Data -
========
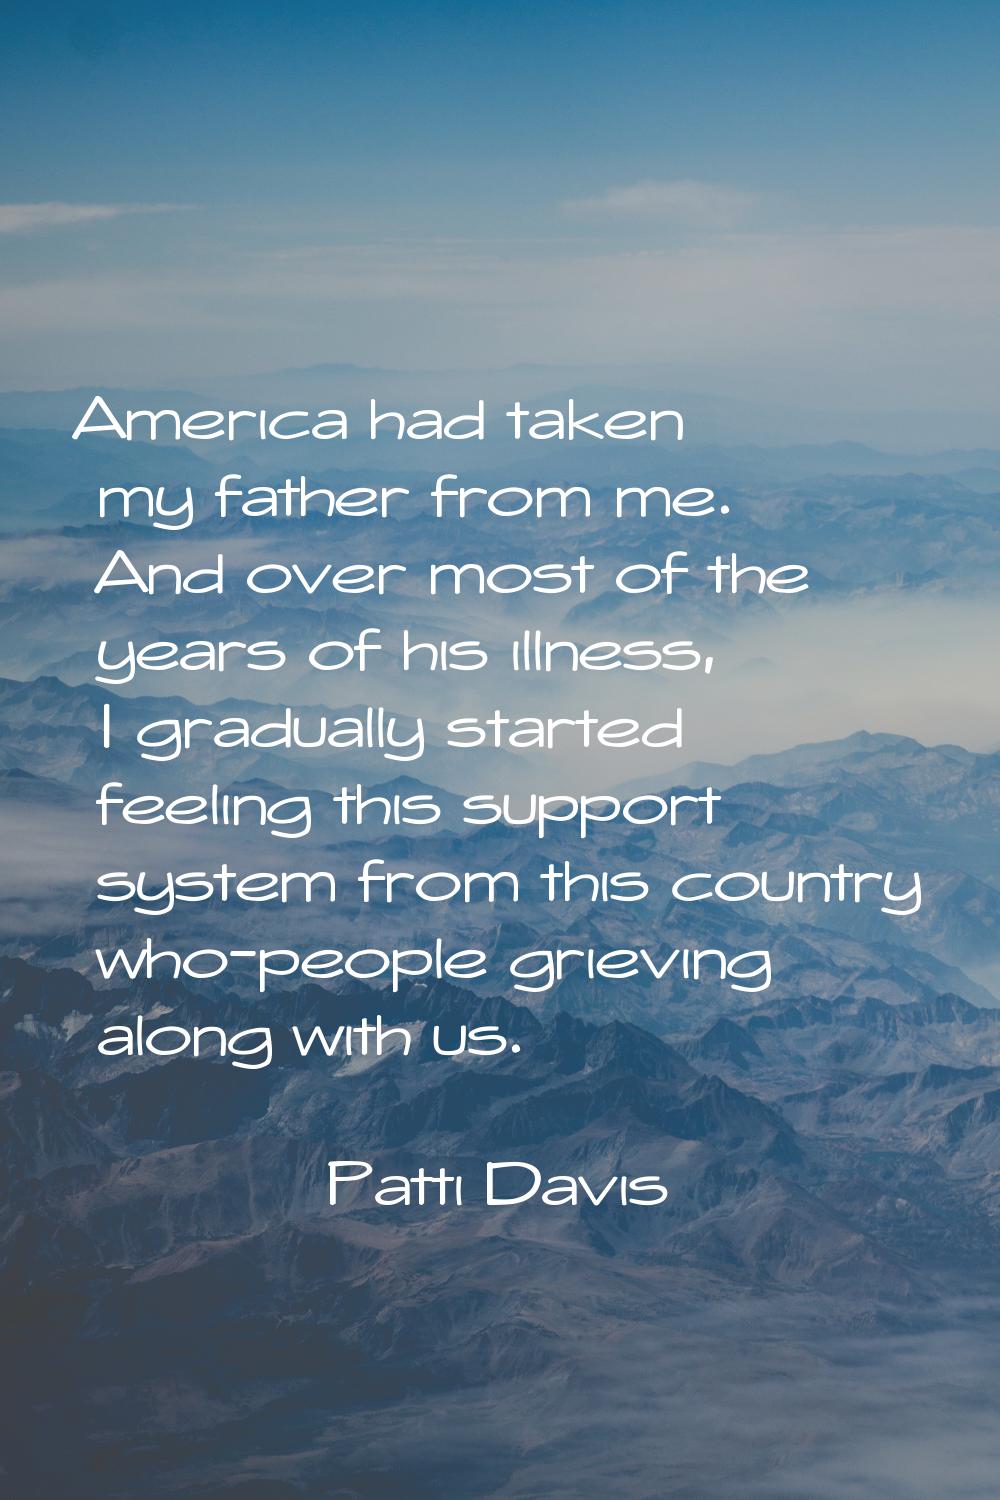 America had taken my father from me. And over most of the years of his illness, I gradually started
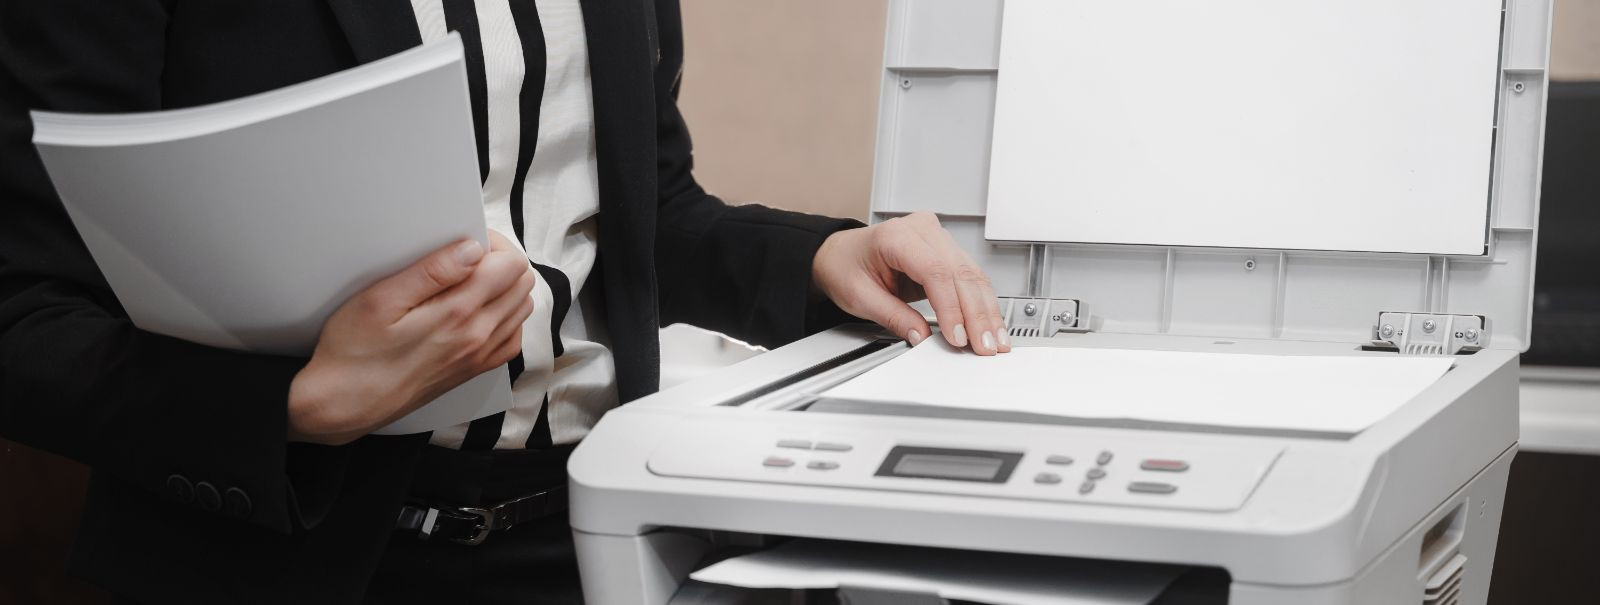 As businesses strive for efficiency and productivity, the role of office equipment, particularly printers, becomes increasingly significant. However, the enviro
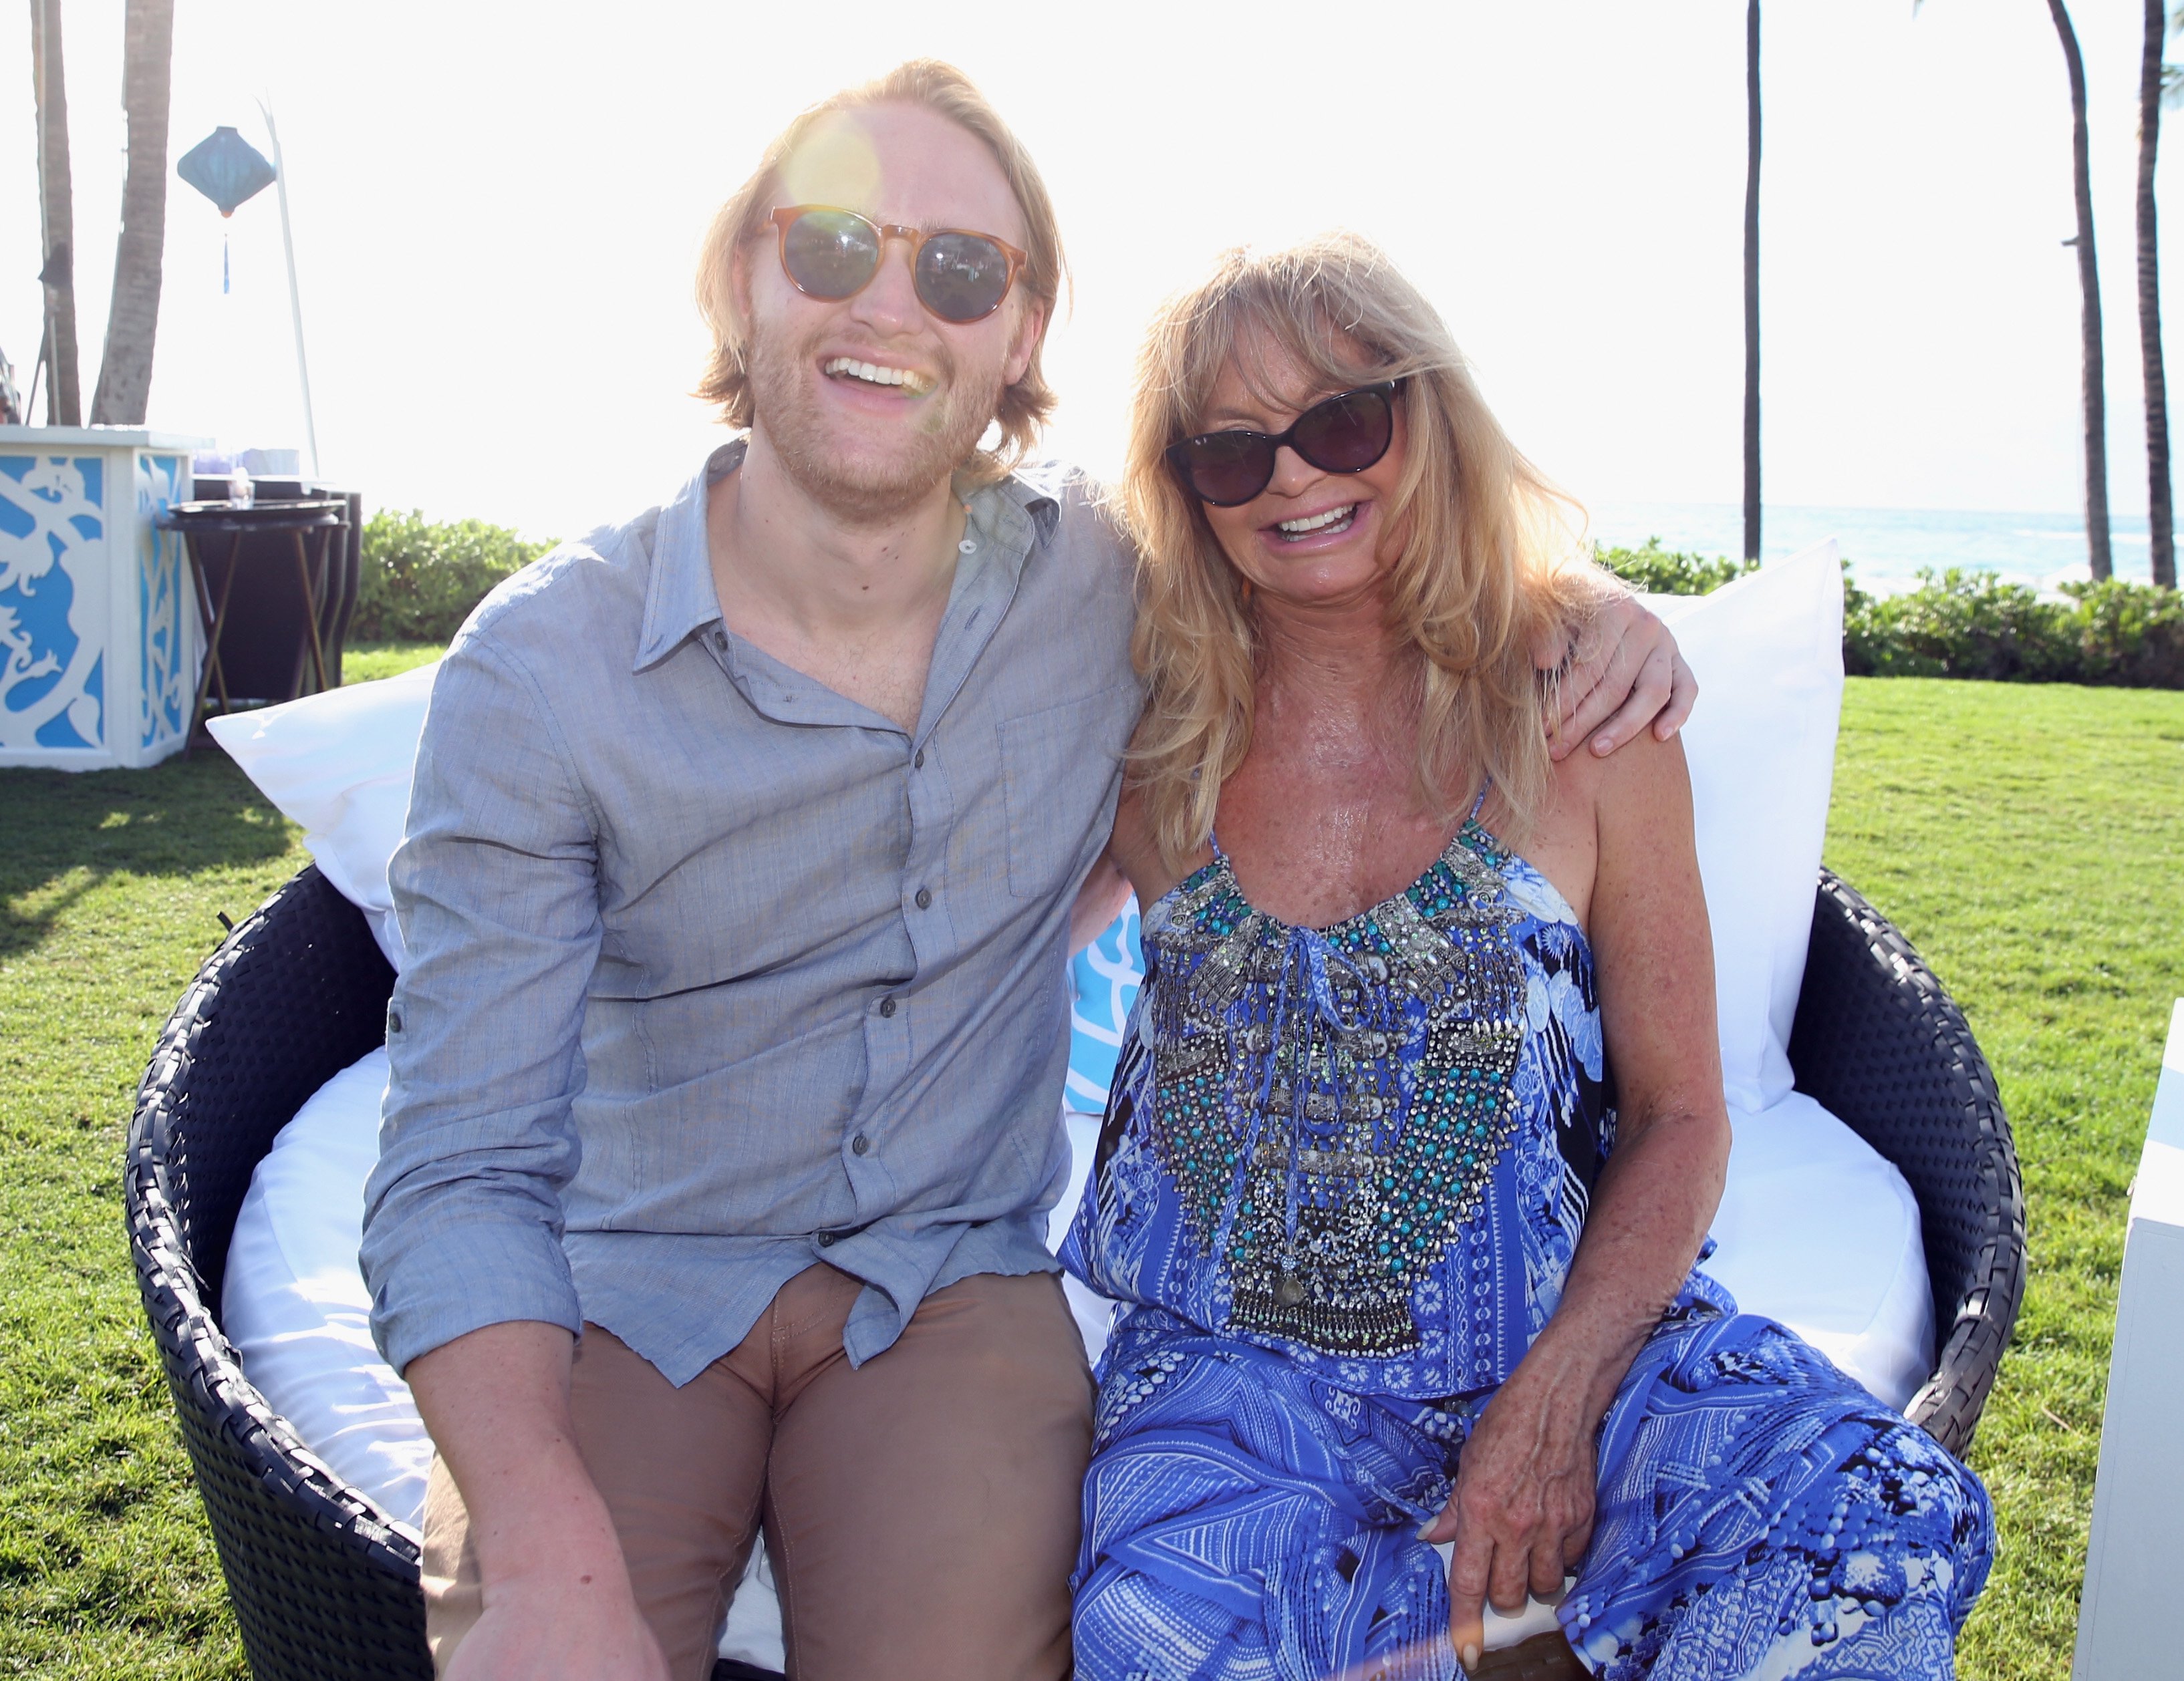 Wyatt Russell, recipient of the 2016 Maui Film Festival Rising Star Award in Wailea, and actress Goldie Hawn attend Maui Film Festival's Taste of Summer Opening Night Celebration at Grand Wailea on June 15, 2016 in Wailea, Hawaii | Source: Getty Images 
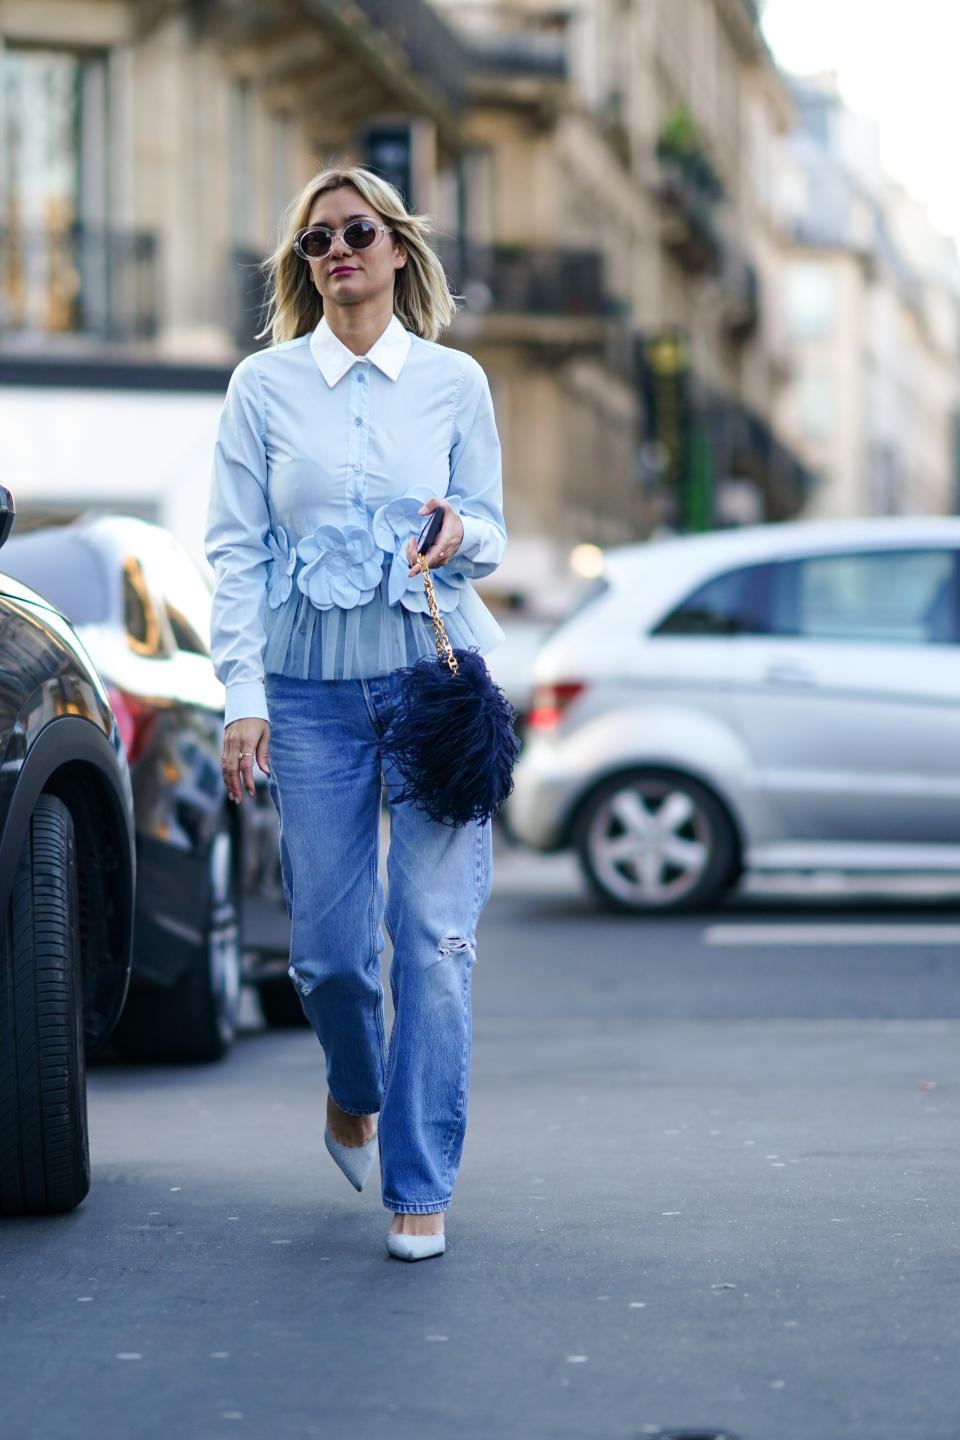 PARIS, FRANCE - JANUARY 22: Anne-Laure Mais wears sunglasses, a light blue ruffled shirt with a white collar and flowers embroidered, blue ripped jeans, light blue pointy pumps, a bag decorated with navy-blue feathers, outside Viktor & Rolf, during Paris Fashion Week - Haute Couture Spring/Summer 2020, on January 22, 2020 in Paris, France. (Photo by Edward Berthelot/Getty Images )
========
Your instructions -
Restate the data exactly, though only from the line that contains "Wyatt Russell, recipient" through its last line, both ends included and with the pictures left out.

Completed task -
 Wyatt Russell, recipient of the 2016 Maui Film Festival Rising Star Award in Wailea, and actress Goldie Hawn attend Maui Film Festival's Taste of Summer Opening Night Celebration at Grand Wailea on June 15, 2016 in Wailea, Hawaii | Source: Getty Images 
 PARIS, FRANCE - JANUARY 22: Anne-Laure Mais wears sunglasses, a light blue ruffled shirt with a white collar and flowers embroidered, blue ripped jeans, light blue pointy pumps, a bag decorated with navy-blue feathers, outside Viktor & Rolf, during Paris Fashion Week - Haute Couture Spring/Summer 2020, on January 22, 2020 in Paris, France. (Photo by Edward Berthelot/Getty Images )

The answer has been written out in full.